Whole-Genome Sequence of Mycobacterium kyorinense.

We report here the first draft genome sequence of Mycobacterium kyorinense, which was described in 2009 and exhibits significant pathogenicity to humans.

GENOME ANNOUNCEMENT

Mycobacterium kyorinense is a slow-growing mycobacterium that was first described in 2009 (1). M. kyorinense is closely related to M. celatum, M. branderi, and M. fragae, and exhibits significant pathogenicity for humans, causing pneumonia, lymphadenitis, and arthritis (2–4). Antimicrobial susceptibility tests demonstrated that M. kyorinense is generally resistant to rifampin, isoniazid, and ethambutol (4). Further investigation is needed to clarify the genomics, biology, epidemiology, and pathogenicity of this species.

We sequenced the genomic DNA of the M. kyorinense type strain KUM060204T on an Ion PGM system (Life Technologies) and assembled the reads using CLC Genomics Workbench 7.0. A total of 4,133,490 reads were generated, with an average read length of 203 bp, yielding a total sequence of 837,657,777 bp.

The assembled sequences of KUM060204T comprised 453 contigs, with a combined length of 5,302,980 bp, with a G+C ratio of 66.9%. The average cover depth was 50×, the N50 contig size was 53,523, the average contig was 11,706 bp long, and the longest contig was 137,319 bp.

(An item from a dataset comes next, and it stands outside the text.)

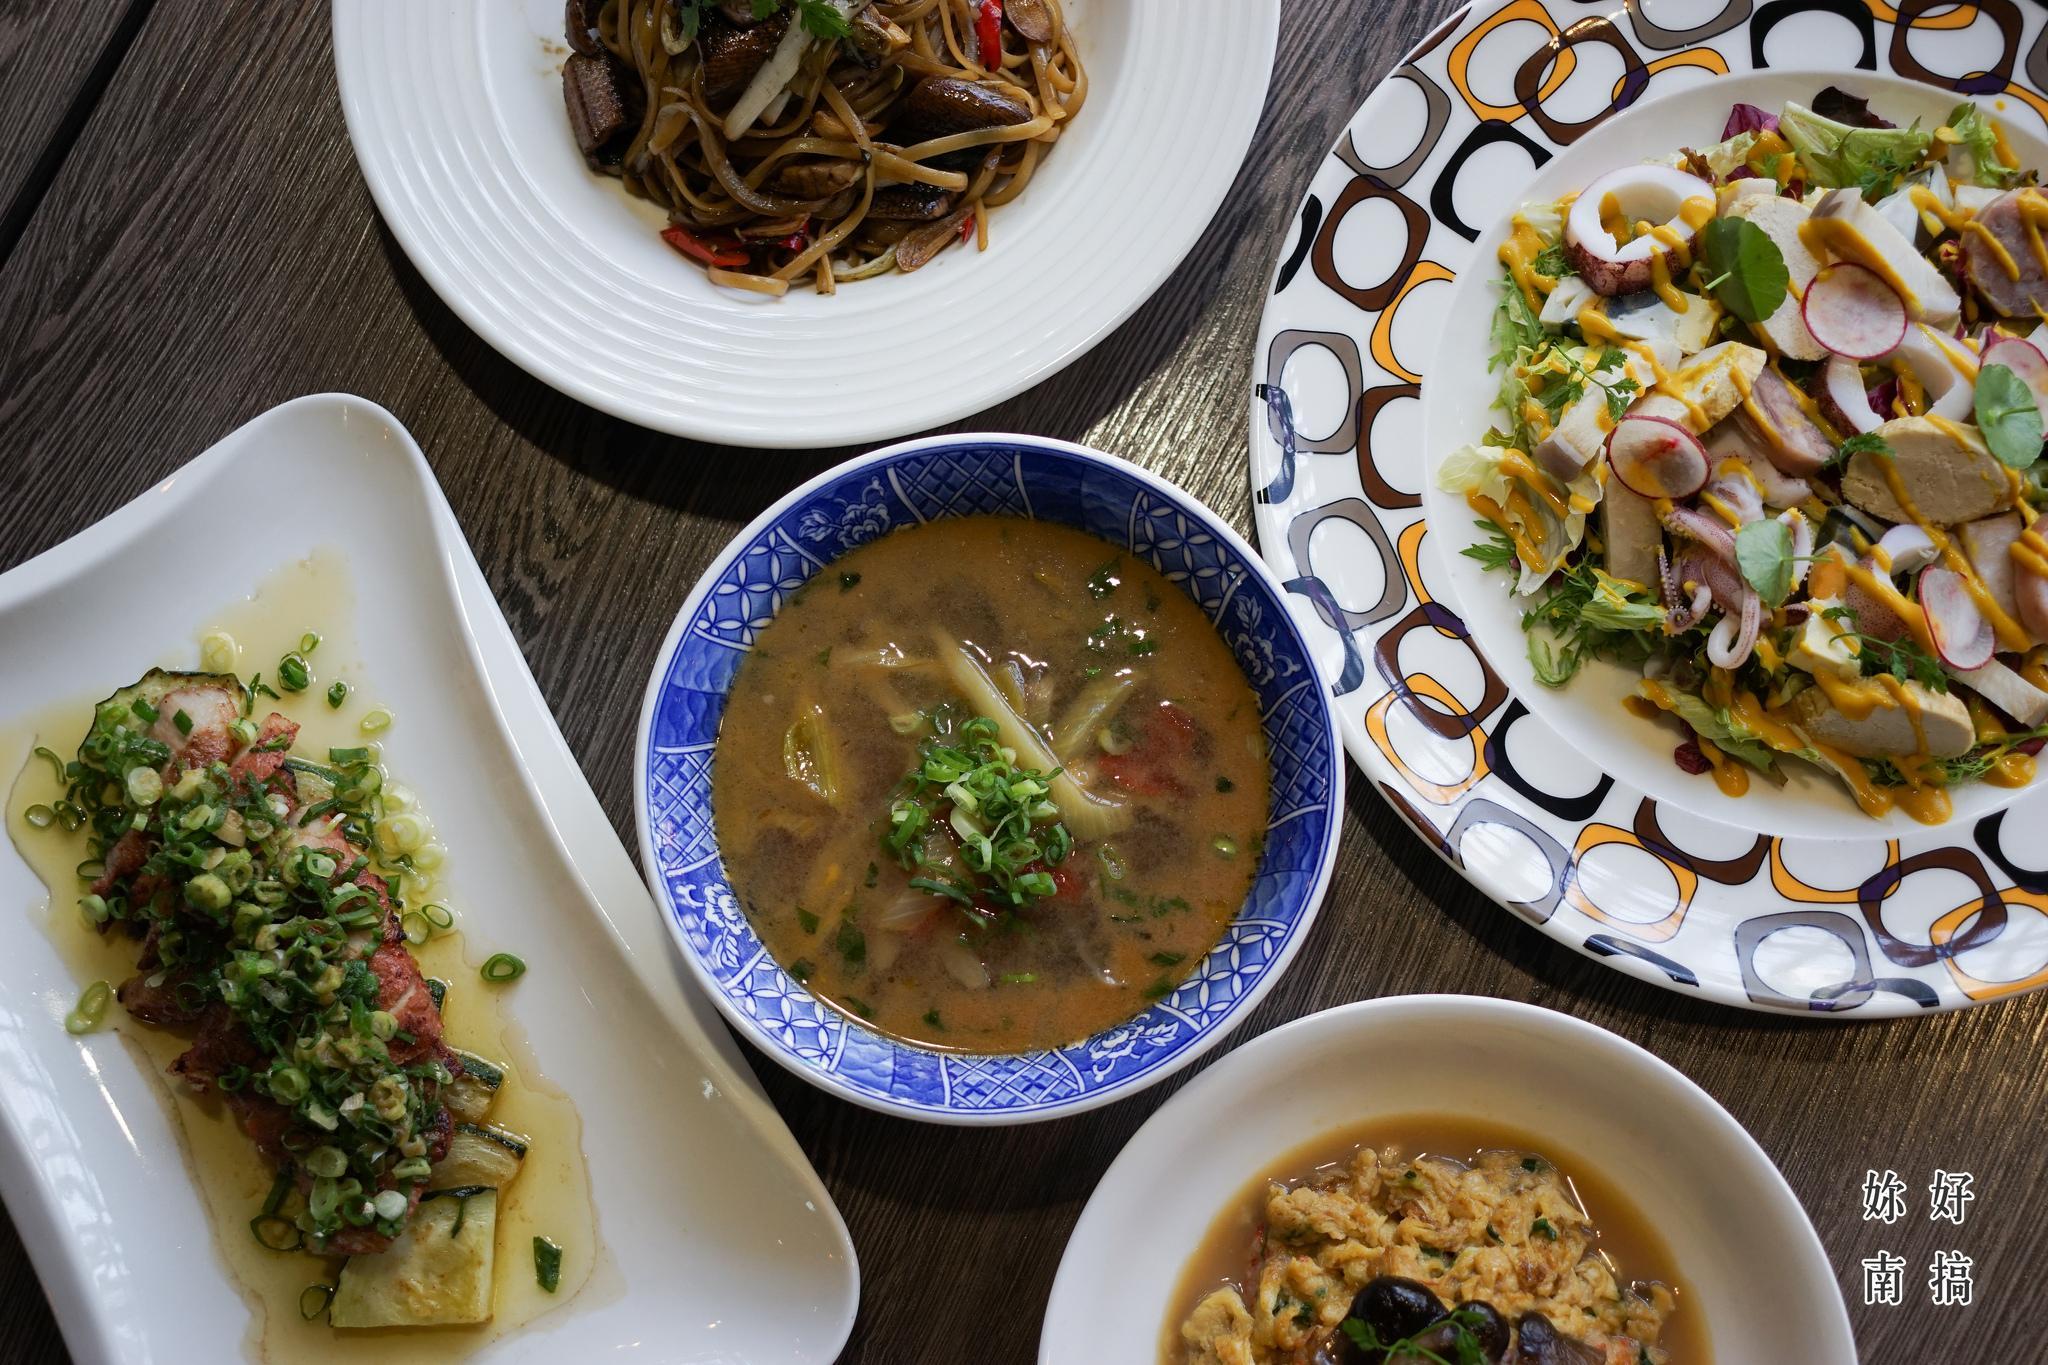 台南旅遊-主廚的菜籃子-04-妳好南搞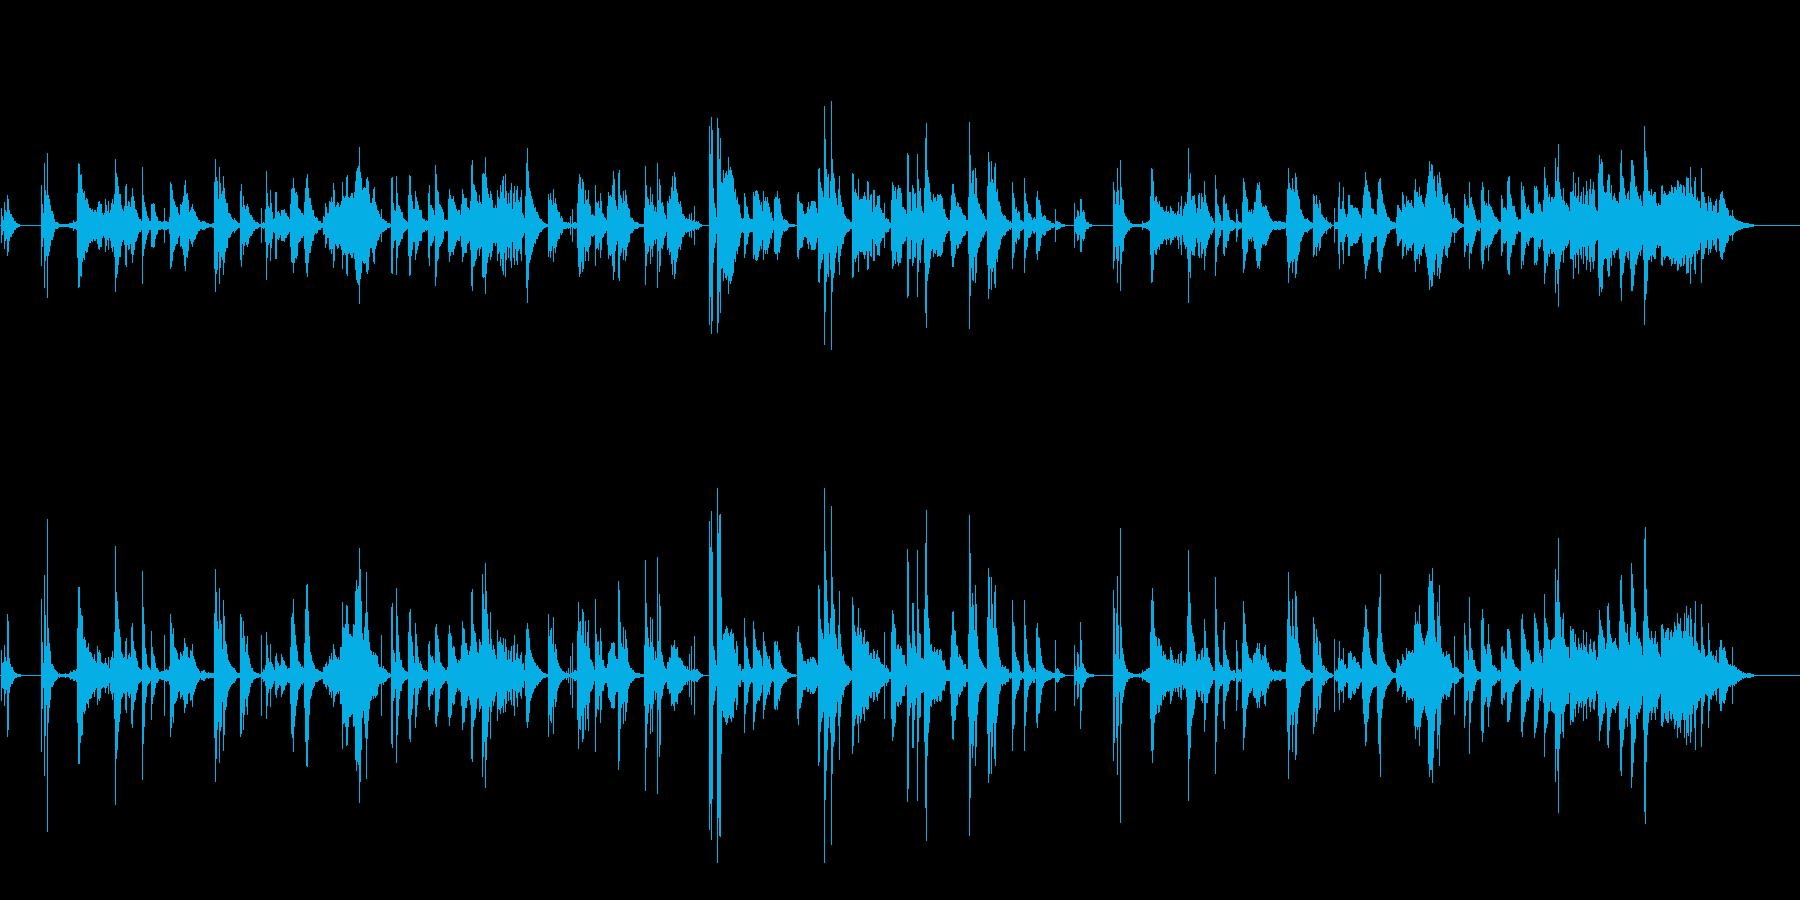 ゆらぎのα波サウンドの再生済みの波形

Genome annotation was performed using the RAST prokaryotic genome annotation server (http://www.nmpdr.org/FIG/wiki/view.cgi/Main/RAST). RAST predicted 5,405 putative open reading frames, including 5,351 coding sequences and 54 RNAs (46 tRNAs and 8 rRNAs). RAST functional analysis of the predicted protein-coding genes showed 78 genes involved in cell walls and capsules, 64 in membrane transport, 206 in protein metabolism, 93 in DNA metabolism, 141 in virulence and defense, 135 in respiration, 331 in fatty acids, lipids, and isoprenoids, 395 in cofactors, vitamins, prosthetic groups, and pigments, and 356 in amino acids and derivatives.

To explore the molecular mechanism underlying the resistance of M. kyorinense to anti-tuberculosis drugs, we selected several genes known to be responsible for resistance to rifampin (rpoB), ethambutol (embB), and isoniazid (inhA, katG, and ahpC). The sequences of these genes in M. kyorinense were compared with those in M. tuberculosis H37Rv to clarify whether they contain specific mutations associated with resistance to anti-tuberculosis drugs in M. tuberculosis. Analysis of the rpoB gene confirmed our previous finding that KUM060204T harbors a Ser531Asp amino acid substitution, the most frequent mutation in rifampin-resistant M. tuberculosis (4, 5). In contrast, we did not detect a substitution at Met306 of embB, the major mutation in ethambutol-resistant M. tuberculosis (6). Nor did we find a Ser315Thr substitution of katG, a mutation in the regulatory region (nucleotides [nt] −48, −51, −54, −81, and −88) of ahpC, a Ser94Ala substitution in the inhA gene or a mutation in the regulatory region (nt −15 and −17) of inhA, which are common mutations in isoniazid-resistant M. tuberculosis (6). These results suggested that the mechanism underlying drug resistance in M. kyorinense is significantly different from that in M. tuberculosis.

In conclusion, we report the genome sequence of KUM060204T which to the best of our knowledge is the first genome sequence of the species M. kyorinense.

Nucleotide sequence accession numbers.

The whole genome sequence of KUM060204T has been deposited in DDBJ/EMBL/GenBank under the accession numbers BBKA01000001 to BBKA01000453.